= Blum Blum Shub =

Pseudorandom number generator

Blum Blum Shub (B.B.S.) is a pseudorandom number generator proposed in 1986 by Lenore Blum, Manuel Blum and Michael Shub that is derived from Michael O. Rabin's one-way function.

Blum Blum Shub takes the form

$x_{n+1} = x_n^2 \bmod M$,

where M = pq is the product of two large primes p and q. At each step of the algorithm, some output is derived from x_{n+1}; the output is commonly either the bit parity of x_{n+1} or one or more of the least significant bits of x_{n+1}.

The seed x_{0} should be an integer that is co-prime to M (i.e. p and q are not factors of x_{0}) and not 1 or 0.

The two primes, p and q, should both be congruent to 3 (mod 4) (this guarantees that each quadratic residue has one square root which is also a quadratic residue), and should be safe primes with a small gcd((p-3)/2, (q-3)/2) (this makes the cycle length large).

An interesting characteristic of the Blum Blum Shub generator is the possibility to calculate any x_{i} value directly (via Euler's theorem):

$x_i = \left( x_0^{2^i \bmod \lambda(M)} \right) \bmod M$,

where $\lambda$ is the Carmichael function. (Here we have $\lambda(M) = \lambda(p\cdot q) = \operatorname{lcm}(p-1, q-1)$).

==Security==
There is a proof reducing its security to the computational difficulty of factoring. When the primes are chosen appropriately, and O(log log M) lower-order bits of each x_{n} are output, then in the limit as M grows large, distinguishing the output bits from random should be at least as difficult as solving the quadratic residuosity problem modulo M.
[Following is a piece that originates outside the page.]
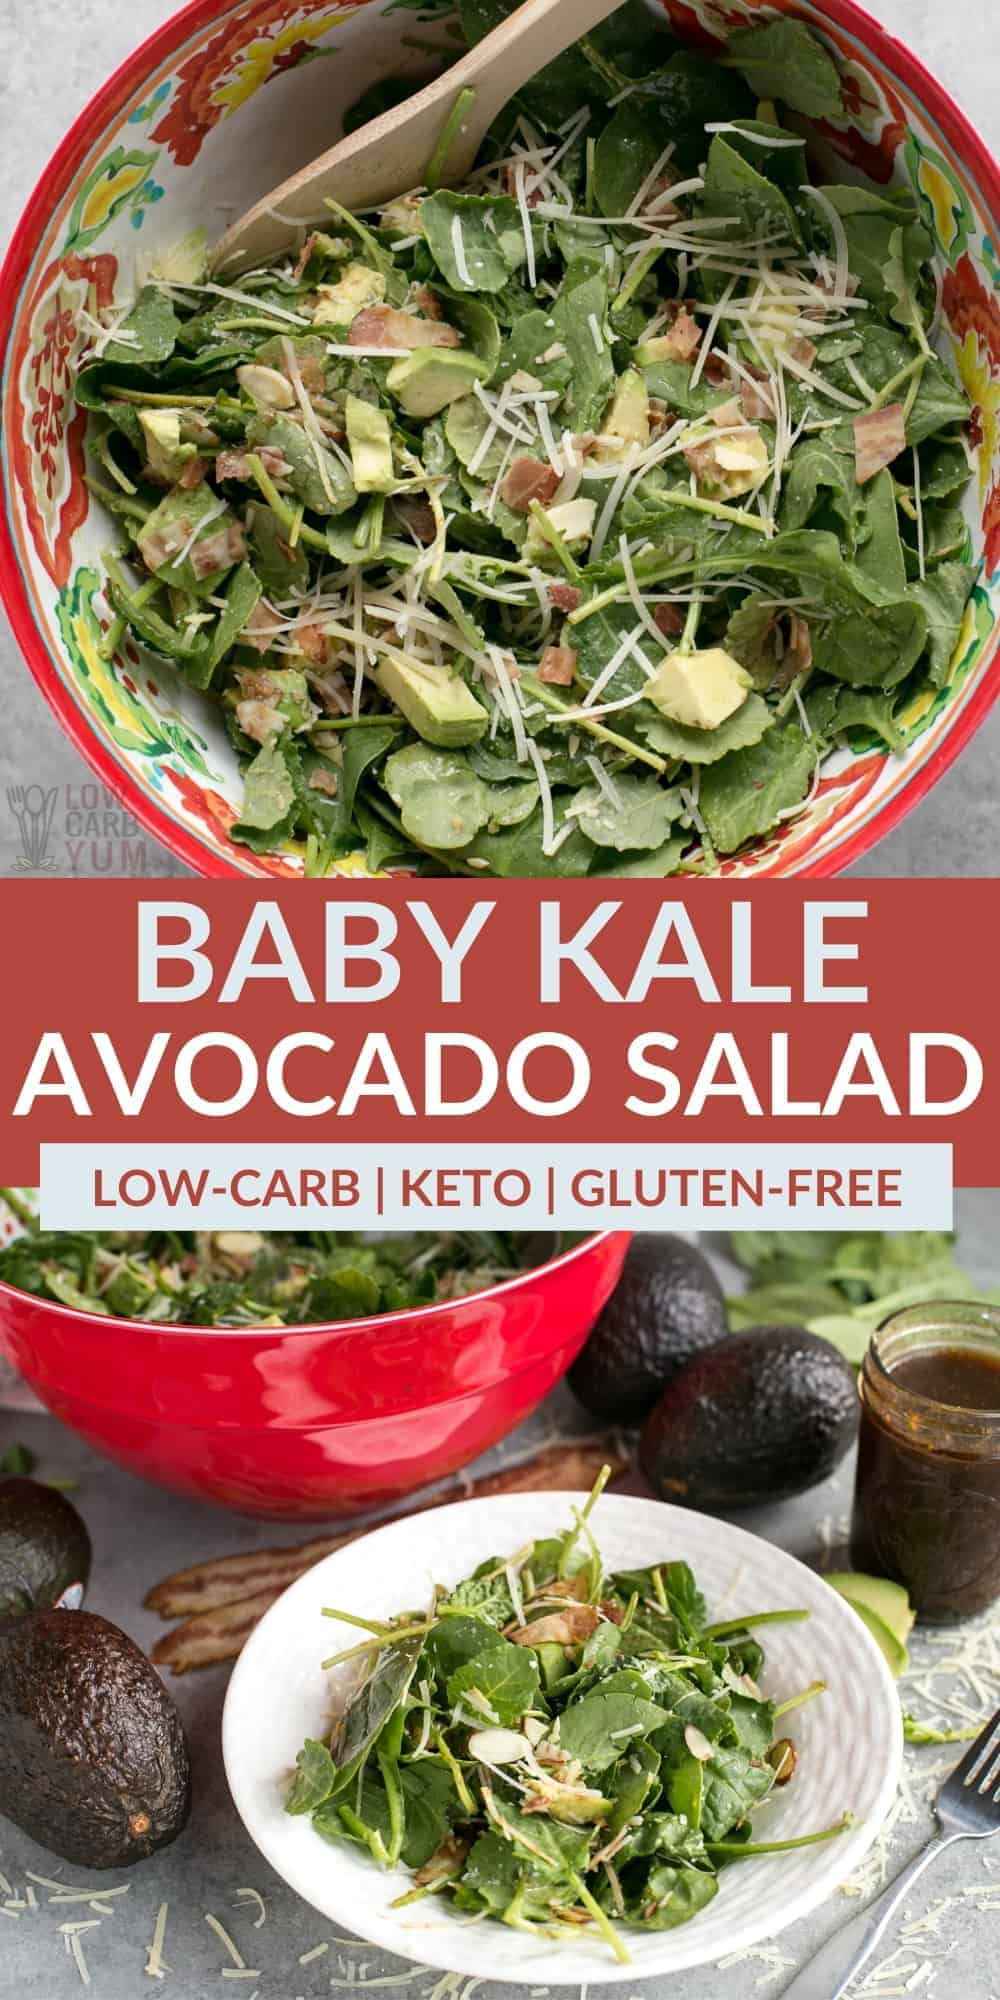 baby kale avocado salad pinterst image

The performance of the BBS random-number generator depends on the size of the modulus M and the number of bits per iteration j. While lowering M or increasing j makes the algorithm faster, doing so also reduces the security. A 2005 paper gives concrete, as opposed to asymptotic, security proof of BBS, for a given M and j. The result can also be used to guide choices of the two numbers by balancing expected security against computational cost.

==Example==
Let $p=11$, $q=23$ and $s=3$ (where $s$ is the seed). We can expect to get a large cycle length for those small numbers, because ${\rm gcd}((p-3)/2, (q-3)/2)=2$.
The generator starts to evaluate $x_0$ by using $x_{-1}=s$ and creates the sequence $x_0$, $x_1$, $x_2$, $\ldots$ $x_5$ = 9, 81, 236, 36, 31, 202. The following table shows the output (in bits) for the different bit selection methods used to determine the output.
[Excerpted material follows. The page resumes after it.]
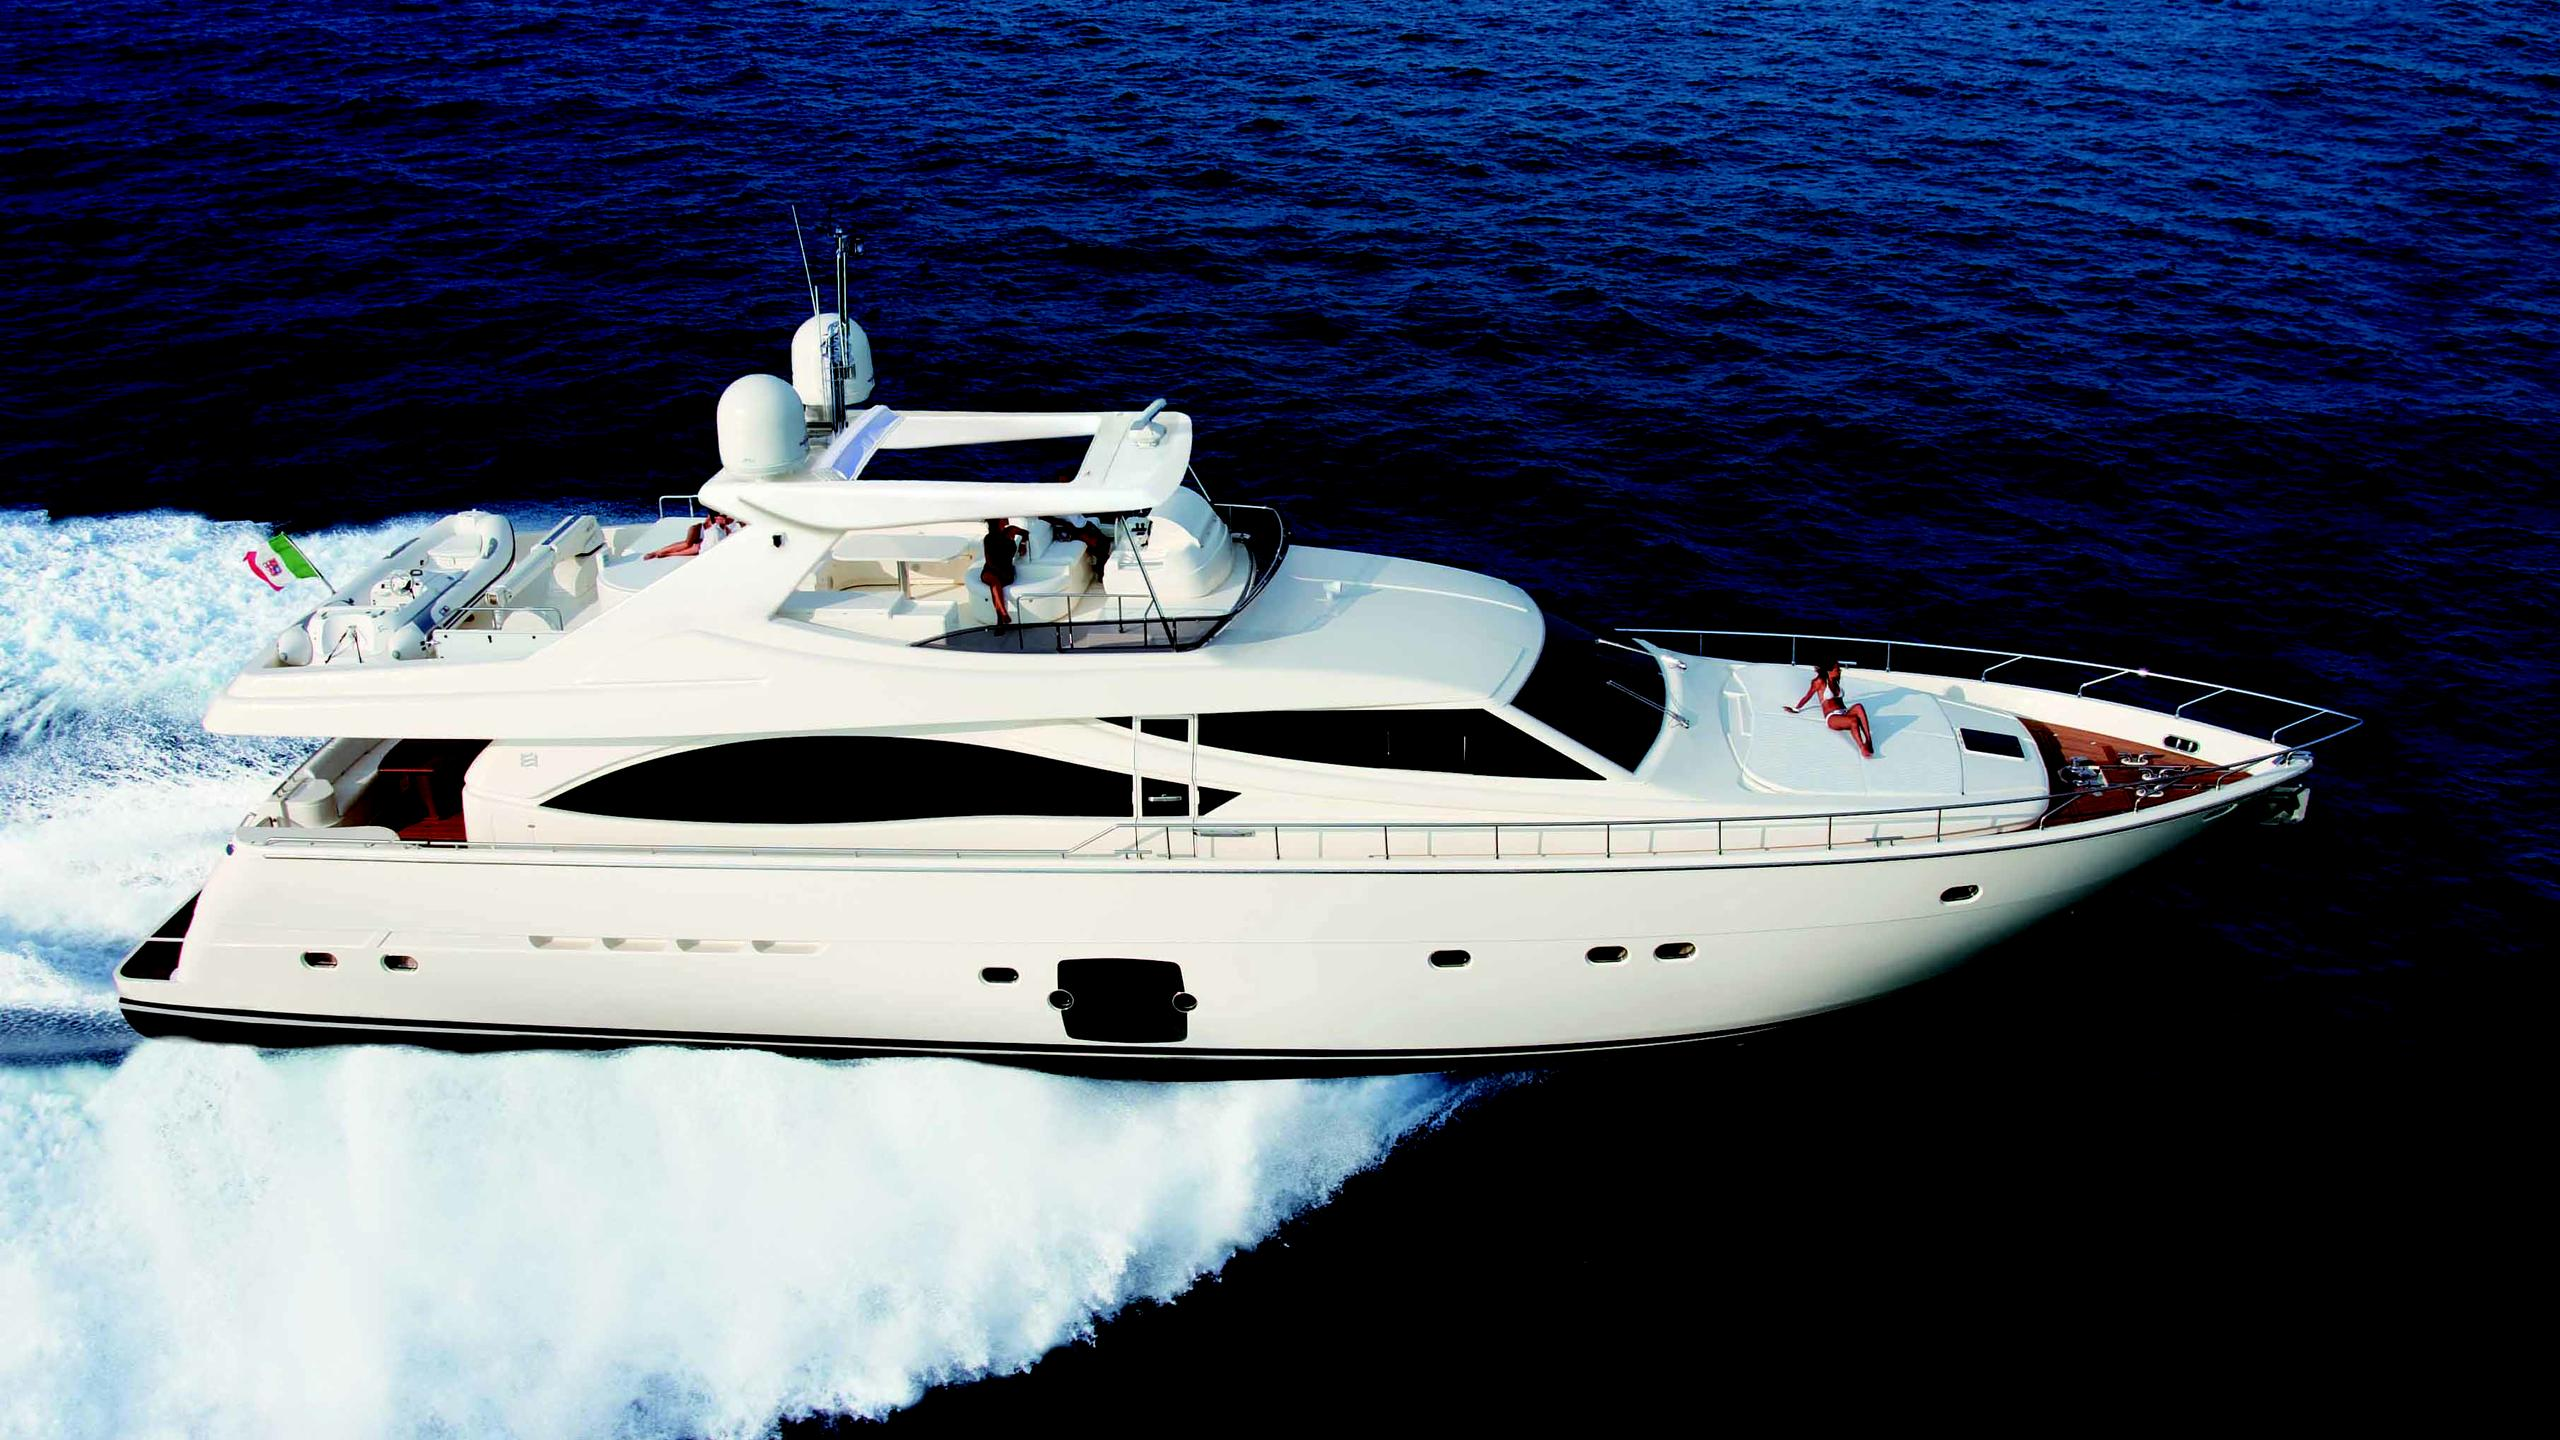 ferretti-830-06-motor-yacht-2005-25m-cruising

| Parity bit | Least significant bit |
|---|---|
| 0 1 1 0 1 0 | 1 1 0 0 1 0 |

The following is a Python implementation that does check for primality.

import sympy

def blum_blum_shub(p1: int, p2: int, seed: int, iterations: int) -> list[int]:
    """Blum Blum Shub is a pseudorandom number generator."""
    assert p1 % 4 == 3
    assert p2 % 4 == 3
    assert sympy.isprime(p1 // 2)
    assert sympy.isprime(p2 // 2)
    n = p1 * p2
    numbers = []
    for _ in range(iterations):
        seed = (seed**2) % n
        if seed in numbers:
            print(f"The RNG has fallen into a loop at {len(numbers)} steps")
            return numbers
        numbers.append(seed)
    return numbers

print(blum_blum_shub(11, 23, 3, 100))

The following Common Lisp implementation provides a simple demonstration of the generator, in particular regarding the three bit selection methods. The requirements imposed upon the parameters p, q and s (seed) are not checked.
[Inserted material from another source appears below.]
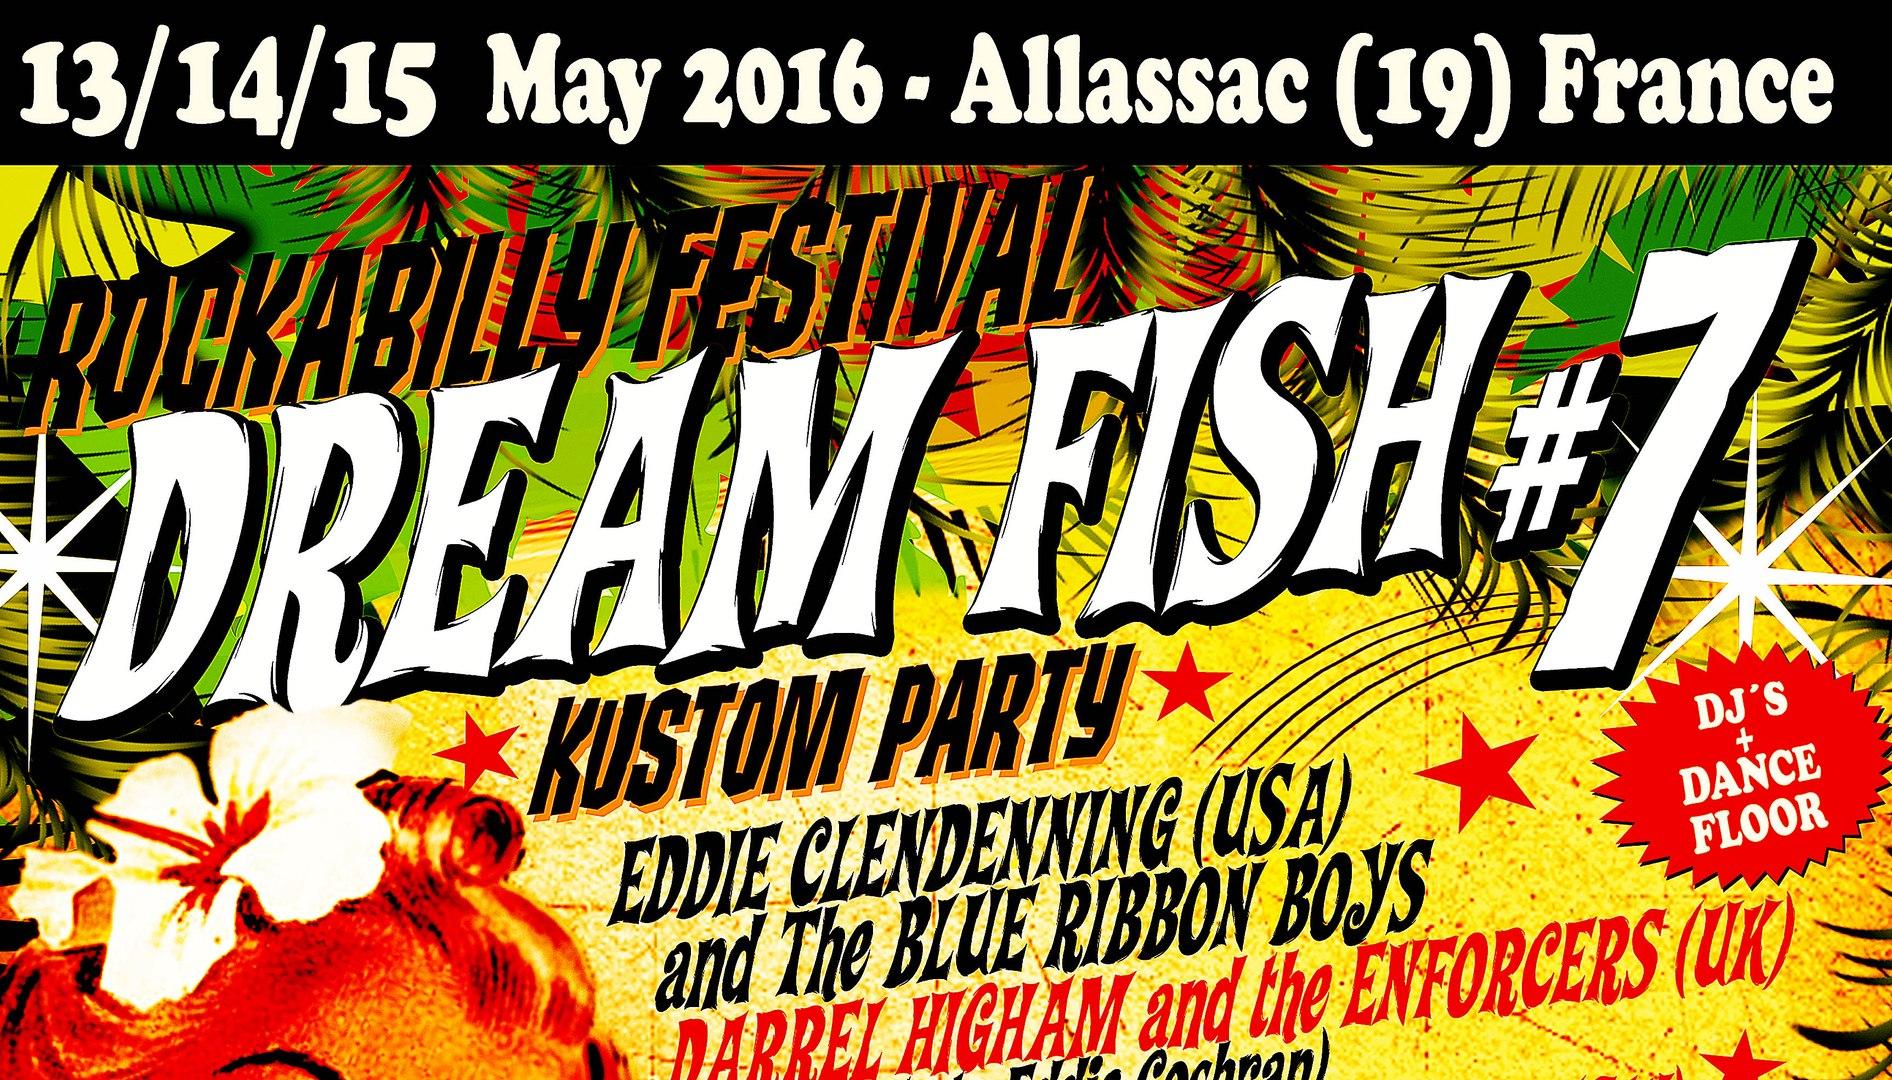 DREAM FISH KUSTOM PARTY n°7 TRAILER

(defun get-number-of-1-bits (bits)
  "Returns the number of 1-valued bits in the integer-encoded BITS."
  (declare (type (integer 0 *) bits))
  (the (integer 0 *) (logcount bits)))

(defun get-even-parity-bit (bits)
  "Returns the even parity bit of the integer-encoded BITS."
  (declare (type (integer 0 *) bits))
  (the bit (mod (get-number-of-1-bits bits) 2)))

(defun get-least-significant-bit (bits)
  "Returns the least significant bit of the integer-encoded BITS."
  (declare (type (integer 0 *) bits))
  (the bit (ldb (byte 1 0) bits)))

(defun make-blum-blum-shub (&key (p 11) (q 23) (s 3))
  "Returns a function of no arguments which represents a simple
   Blum-Blum-Shub pseudorandom number generator, configured to use the
   generator parameters P, Q, and S (seed), and returning three values:
   (1) the number x[n+1],
   (2) the even parity bit of the number,
   (3) the least significant bit of the number.
   ---
   Please note that the parameters P, Q, and S are not checked in
   accordance to the conditions described in the article."
  (declare (type (integer 0 *) p q s))
  (let ((M (* p q)) ;; M = p * q
        (x[n] s)) ;; x0 = seed
    (declare (type (integer 0 *) M x[n]))
    #'(lambda ()
        ;; x[n+1] = x[n]^2 mod M
        (let ((x[n+1] (mod (* x[n] x[n]) M)))
          (declare (type (integer 0 *) x[n+1]))
          ;; Compute the random bit(s) based on x[n+1].
          (let ((even-parity-bit (get-even-parity-bit x[n+1]))
                (least-significant-bit (get-least-significant-bit x[n+1])))
            (declare (type bit even-parity-bit))
            (declare (type bit least-significant-bit))
            ;; Update the state such that x[n+1] becomes the new x[n].
            (setf x[n] x[n+1])
            (values x[n+1]
                    even-parity-bit
                    least-significant-bit))))))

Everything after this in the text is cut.